Иванов вошел в автобус последним. И Алик Марьямов в своей манере шутить громко спросил: «Тренер тоже поедет?» Чем вызвал гневную вспышку Кузьмы. Чувствовалось, что он старается сдержаться, но не может. Пригрозив нас выгнать, он все же ограничился язвительным замечанием о качестве марьямовского юмора. Автобус тронулся. Я оцепенел от стыда. Посмотрел на Стрельцова. Он мне улыбнулся. А может быть, и не мне — моему виду ошарашенному. Стрельцову, допустим, было все равно, кто едет с ними, кто не едет. Но остальные игроки, по-моему, выглядели озабоченными: зачем же тренер берет в дорогу на стадион людей, им, как выяснилось, непроверенных?
Нам не следовало ехать в автобусе с командой, как и не следовало пить за обедом в ресторане. Но и деться нам теперь было некуда. Мы остались за кулисами. Иванов — и в подражание ему остальные штабисты, включая выпивавшего с нами Жору Каменского, — не замечал нас. Мы старались держаться как ни в чем не бывало. Долго беседовали с Ворониным — он тоже, видимо, не знал, куда себя деть…

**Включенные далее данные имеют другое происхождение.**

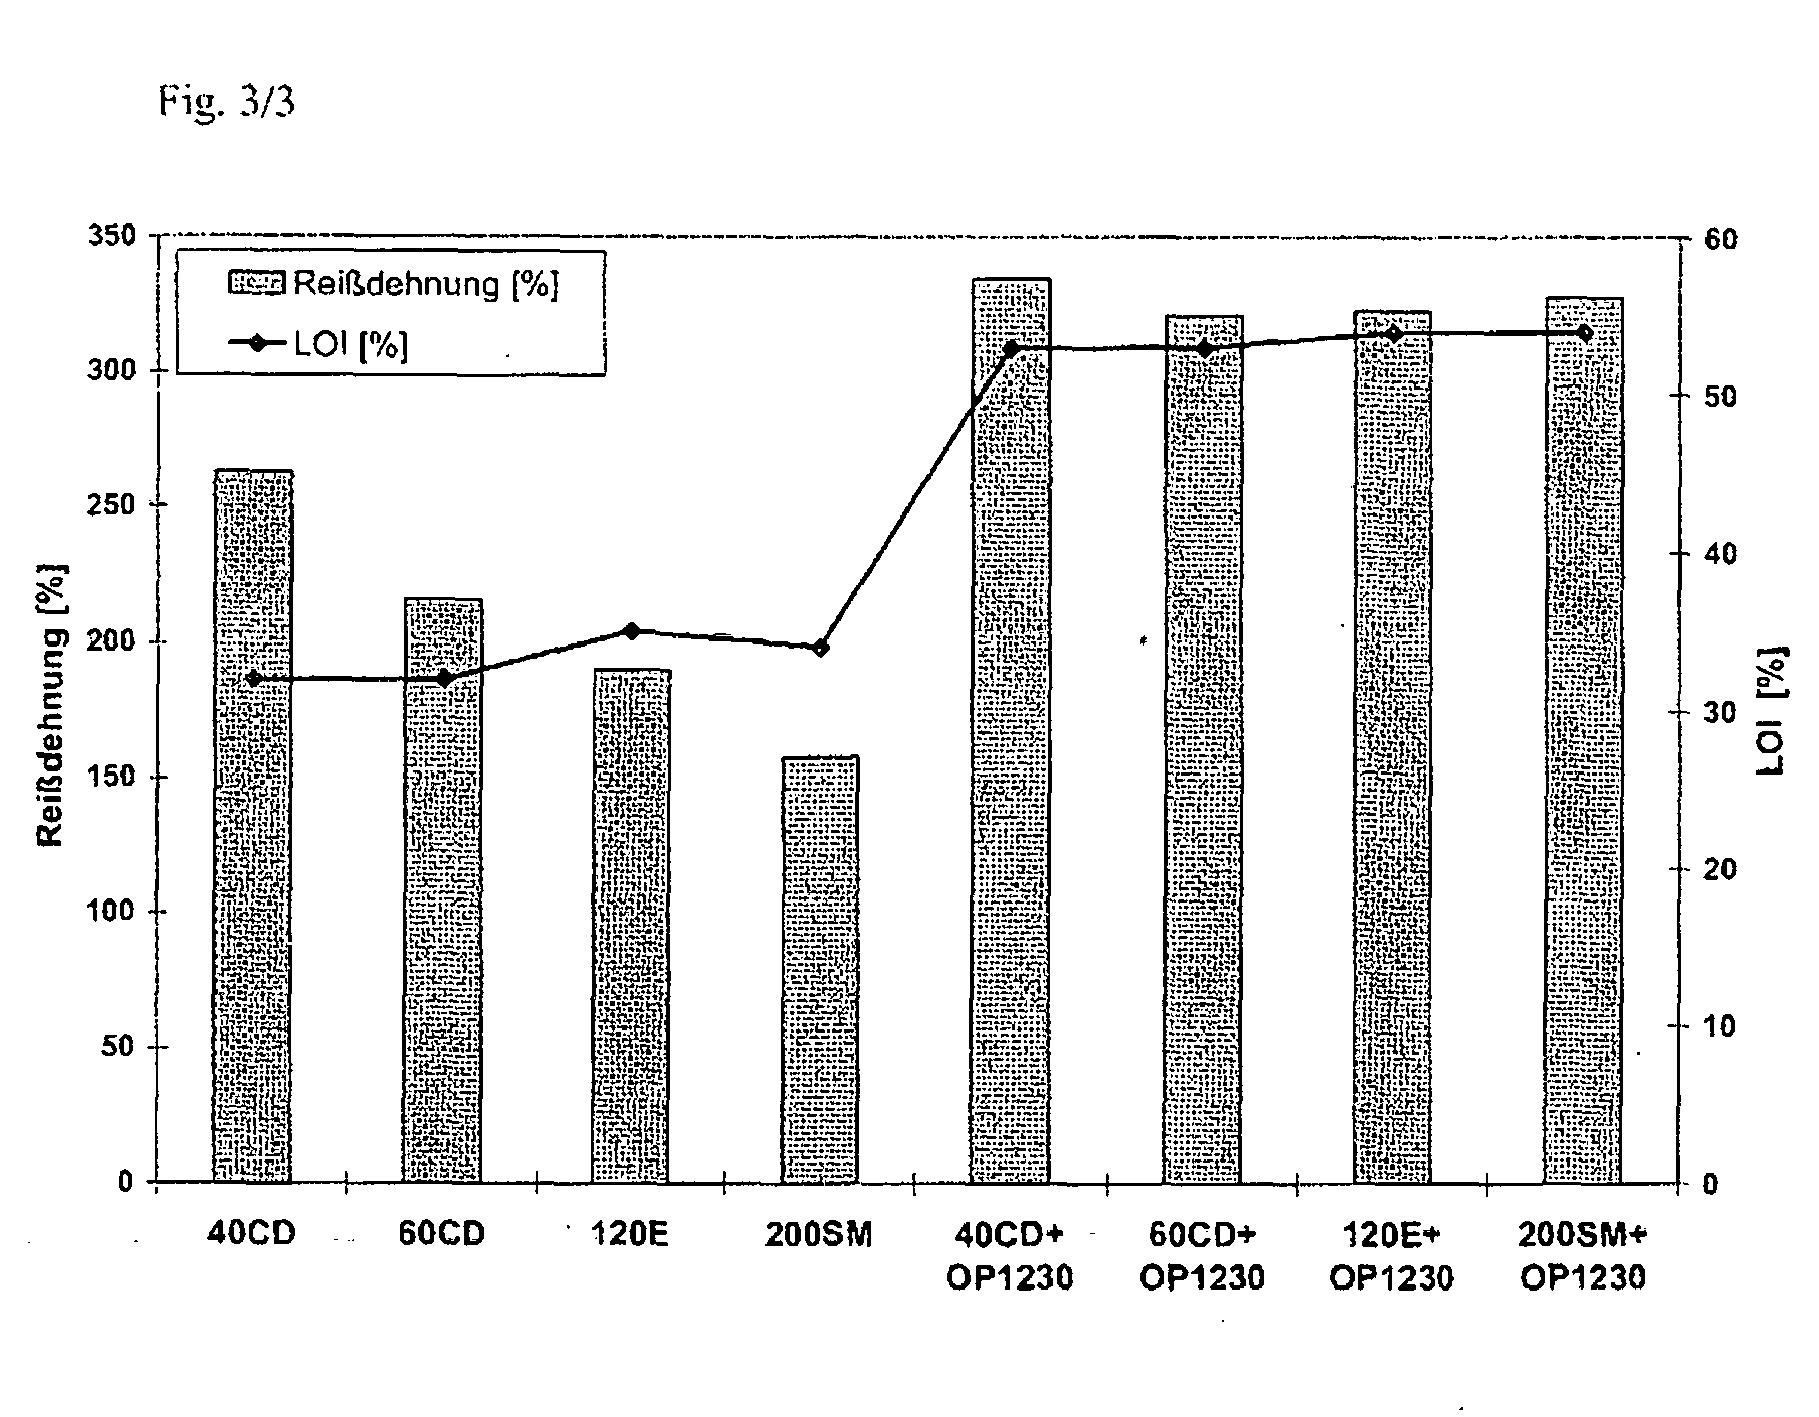 Großzügig Kabelisolationstypen Tabelle Galerie - Elektrische ...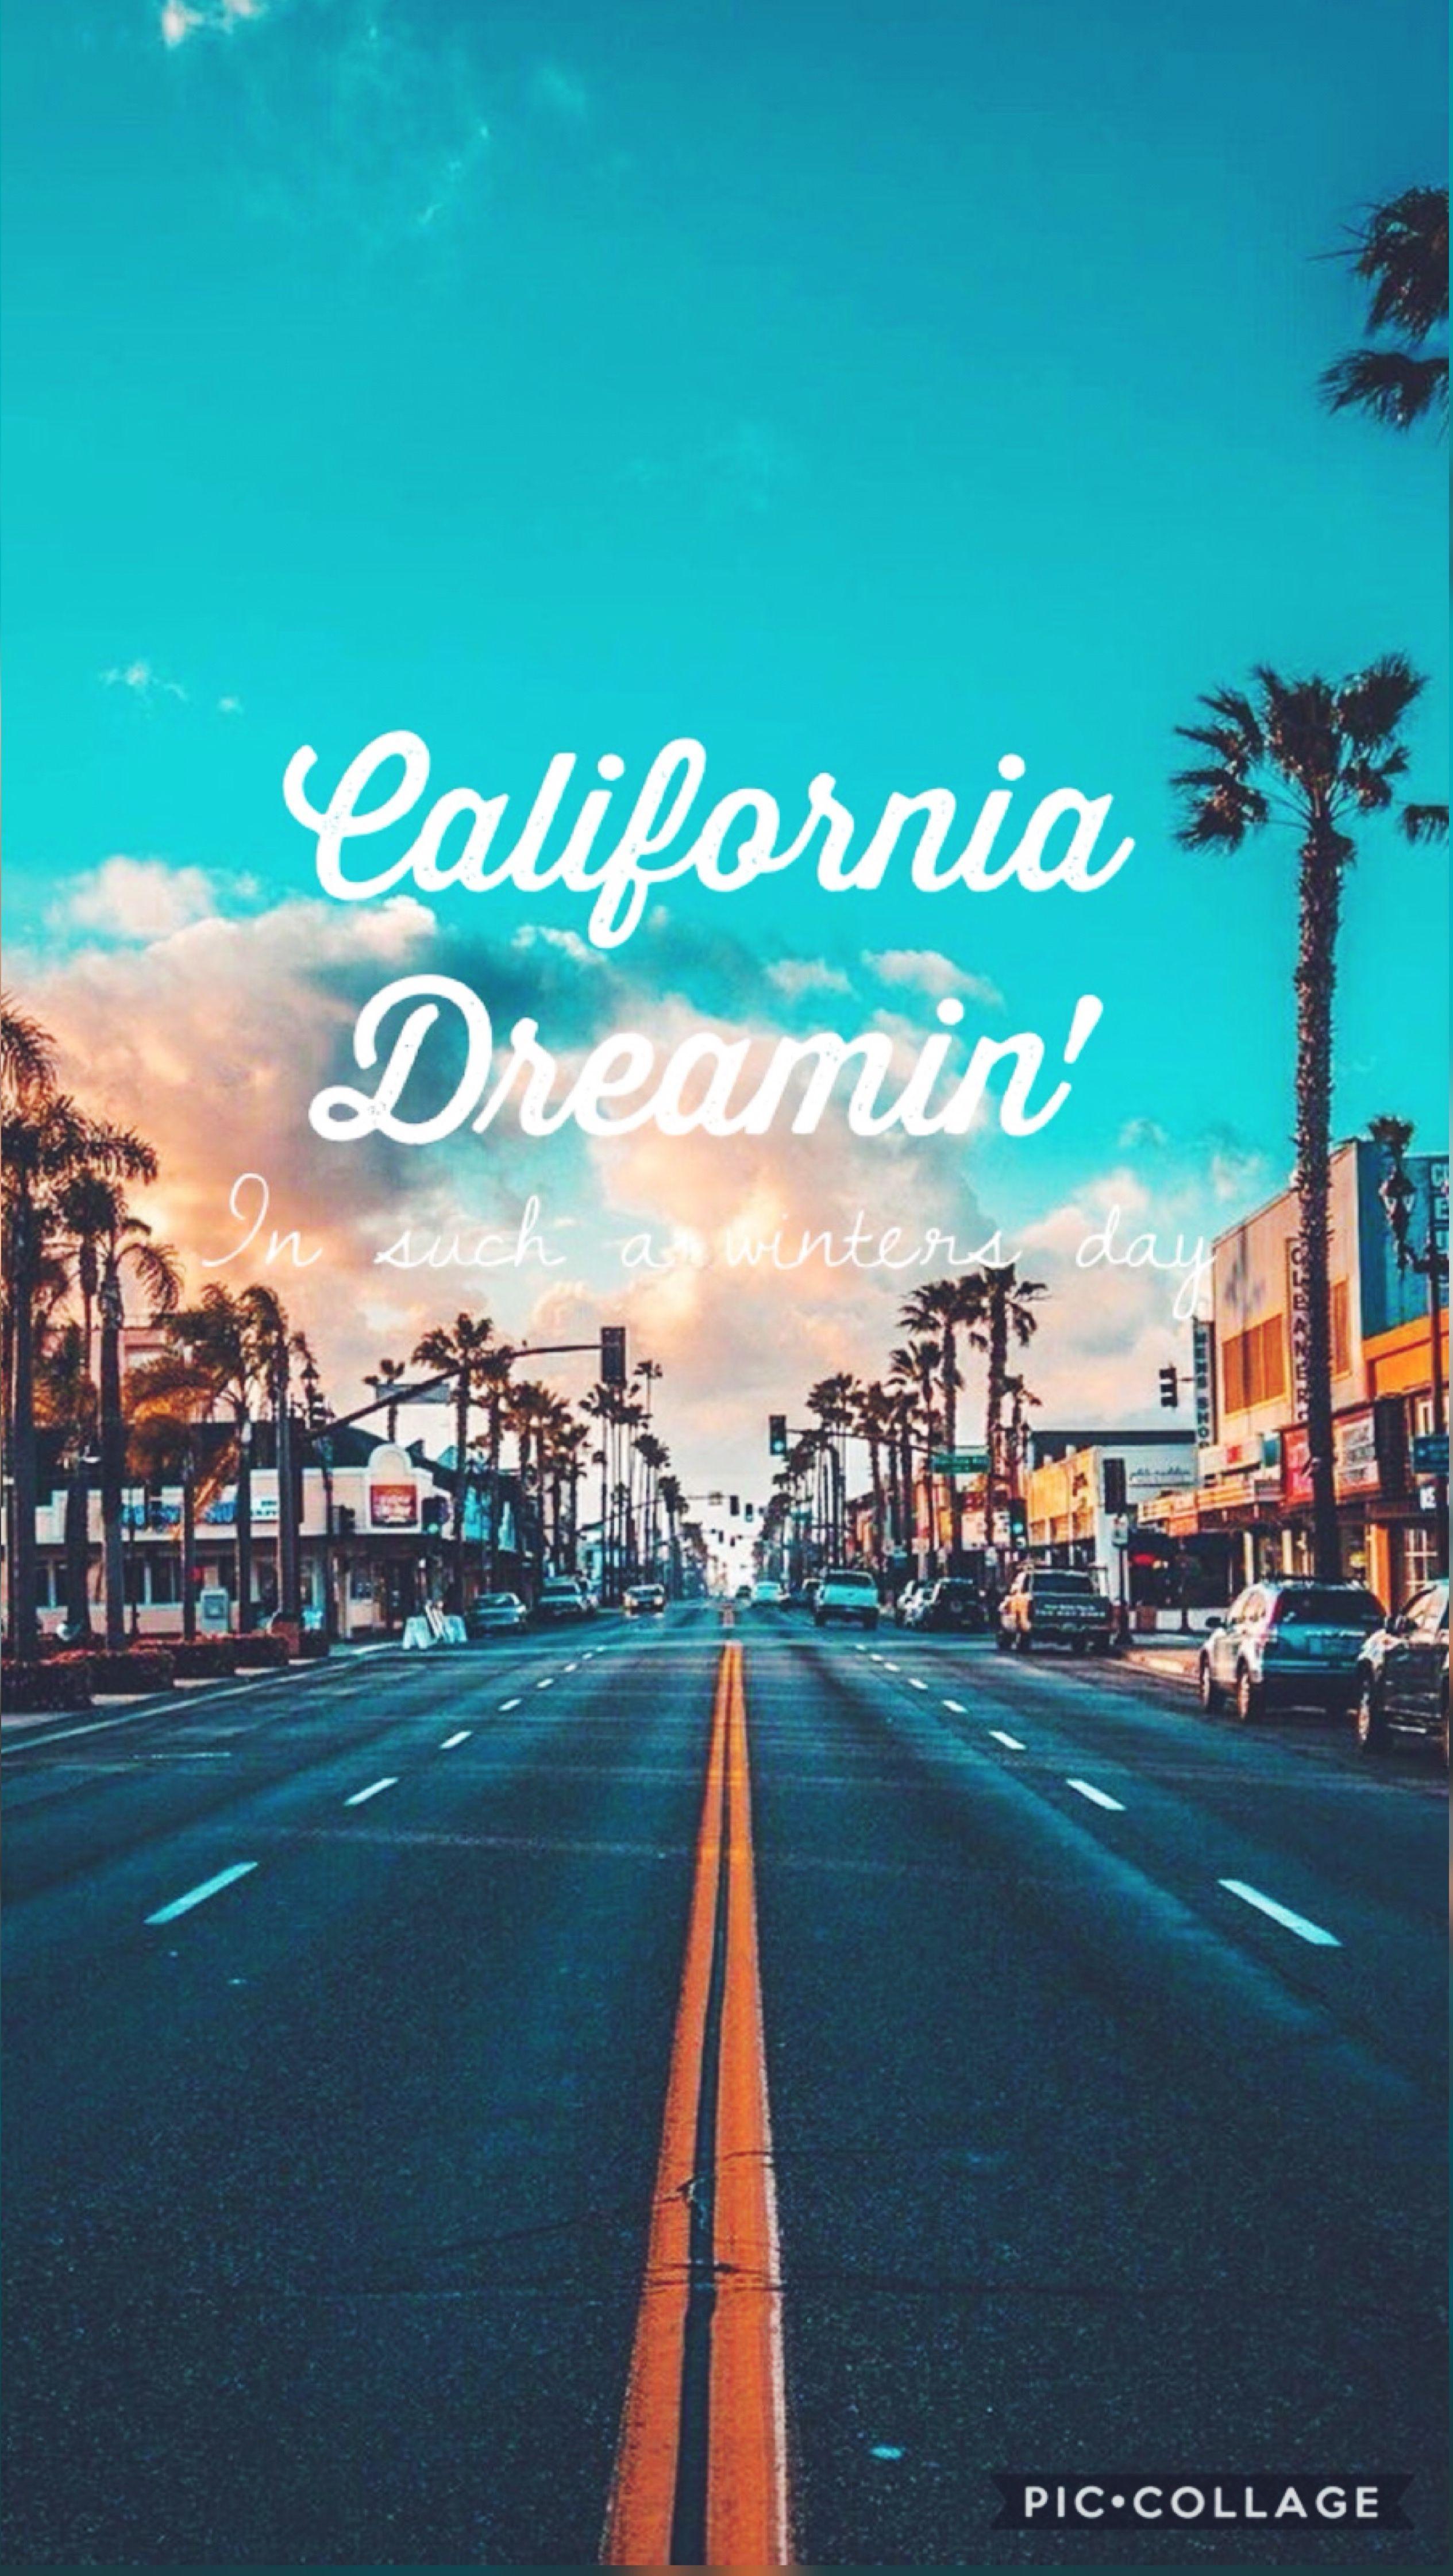 California /LA Wallpaper Califórnia Dreamin // The Mamas

Валерий Винокуров прилетел на матч как корреспондент «Советского спорта». Он был нашим ровесником, но мы к нему относились несколько свысока. Винокуров закончил, если я ничего сейчас не путаю, институт связи. И работал одно время на «Мосфильме» с первой женой Марьямова Катей. Катя Попова и тогда уже котировалась в качестве подающего надежды звукооператора — сейчас она обладательница «Ник» и прочих кинематографических призов — а Валерий Изидорович, влюбленный в футбол, рвался из кино в журналистику. И вот сейчас он находился при исполнении обязанностей — и Валентин Козьмич Иванов терпеливо выслушивал его вопросы, чего-то отвечал ему, а не грозил откуда-либо выгнать. Мы смотрели свысока на Винокурова не из-за завышенной самооценки — при том, что такая самооценка имела место и по сей день сохранилась, — а потому, что близость свою к футболистам мы ставили выше журналистской профессии. Мы считали, что знакомство это дает нам особое знание, выгодно отличающее нас от коллег, которых мы и коллегами-то не считали, если быть до конца откровенным. У нас были иные жизненные планы, чем у пишущих про футбол корреспондентов.